Fugu's framing is the whole pitch: one OpenAI-compatible endpoint. You send a
request to `model: fugu`; behind it a learned coordinator assembles a team from a
pool of frontier and open models, runs them over several turns, and returns one
answer. You never see the routing.

<FuguPool />

<Figure
  src="/articles/sakana-fugu/fugu-architecture.png"
  alt="Sakana Fugu over a pool of closed and open models, with Fugu itself as one of the workers."
  caption="Sakana's own framing of the idea: one Fugu endpoint coordinating a pool of closed and open models — and Fugu can even call itself as a worker (the recursive node on the right)."
/>

The pool is swappable — you can opt a model out for compliance and the coordinator
routes around it — and billing is a single top-tier rate rather than stacked
per-model fees. There's even an export-controls angle: because Fugu can hit
frontier-level quality by coordinating open and semi-open models, you get the
capability without hard dependence on any one restricted vendor.
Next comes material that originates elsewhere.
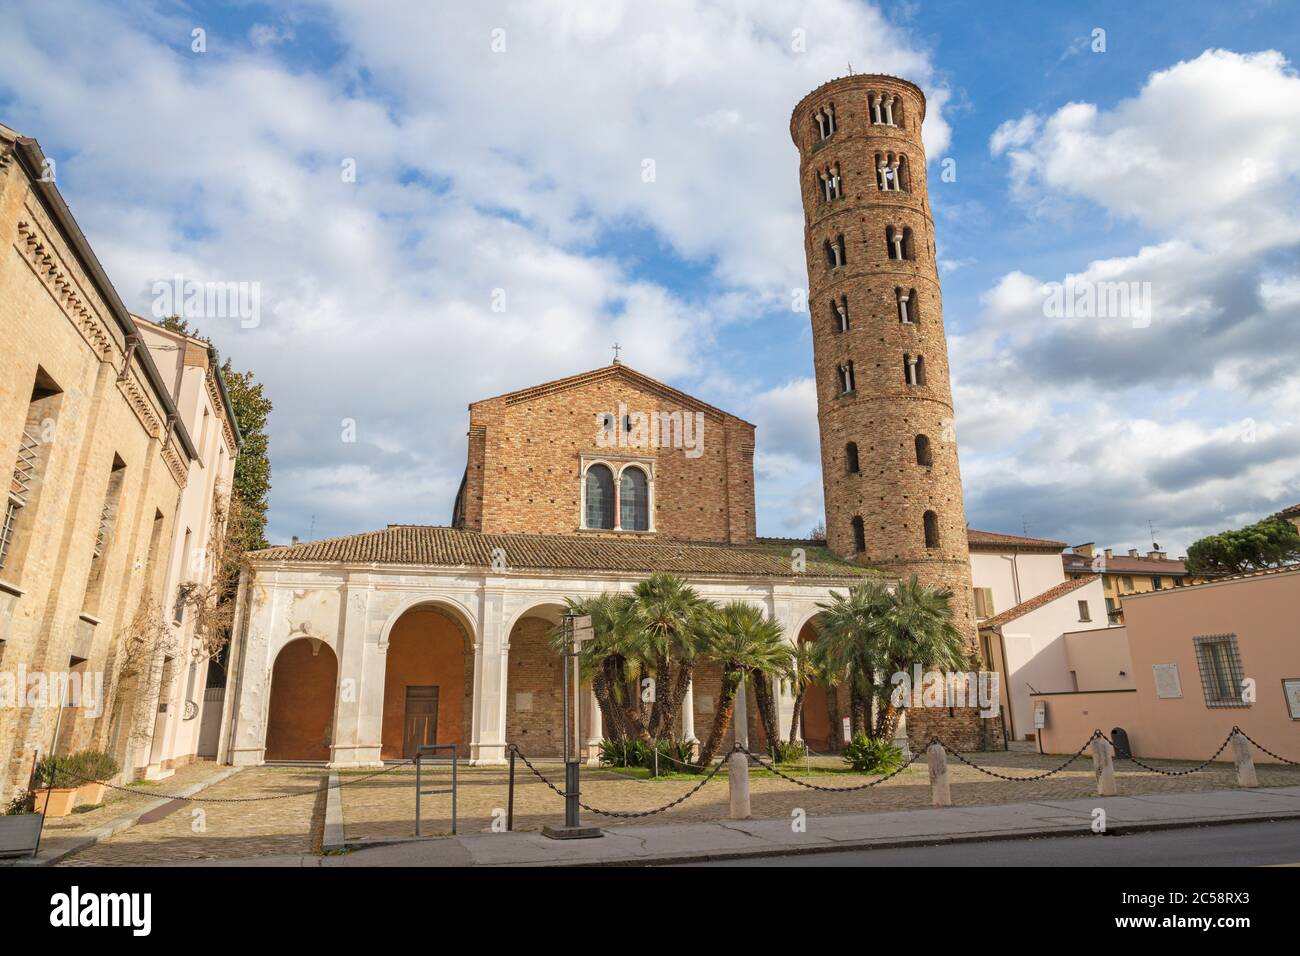 Ravenna - el portal de la iglesia Basílica de Sant Apolinare Nuovo. Foto de stock

But the API is the boring part. The interesting part is that the coordinator is
*learned*, not hand-written. There are two ways to learn it.

## TRINITY: evolve a tiny coordinator

TRINITY's constraint shapes everything: you cannot fine-tune GPT-5's weights, and
merging models with incompatible architectures doesn't work. So freeze every model
in the pool, and learn only a tiny thing on top that decides who does what.

<Figure
  src="/articles/sakana-fugu/trinity-architecture.png"
  alt="TRINITY's coordination architecture: a coordinator selects an agent and a role each turn, looping Thinker, Worker, Verifier, with a worked example."
  caption="TRINITY's coordination loop, from the paper: the coordinator picks an agent and a role each turn, with a worked Thinker → Worker → Verifier example on the right."
/>

### The coordinator is under 20,000 parameters

A small model — Qwen3-0.6B — reads the current problem state and produces a hidden
vector; a linear head turns that into a choice of *agent* and *role*. Given the
penultimate-token hidden state $h(s)\in\mathbb{R}^{d}$ from the small model, a head
$f_\theta$ of roughly 10K parameters emits logits over $L$ agents plus 3 roles, and
the coordinator samples its action $a$ from

$$
\pi_\theta(a \mid s) \;\propto\; \exp\!\big(f_\theta(h(s))_a\big),
\qquad a \in \{1,\dots,L\}\cup\{\mathrm{T},\mathrm{W},\mathrm{V}\}
$$

where $s$ is the running transcript, $\mathrm{T},\mathrm{W},\mathrm{V}$ are the three
roles below, and $\theta$ is everything that gets trained. On top of the head, TRINITY
adds *singular-value fine-tuning*: take an SVD of one or two of the small model's
weight matrices and learn only the singular-value scales, keeping the orthogonal
factors fixed. That's a few thousand more numbers. Total trainable: **under 20K
parameters.** The 0.6B backbone and all seven frontier and open models stay frozen.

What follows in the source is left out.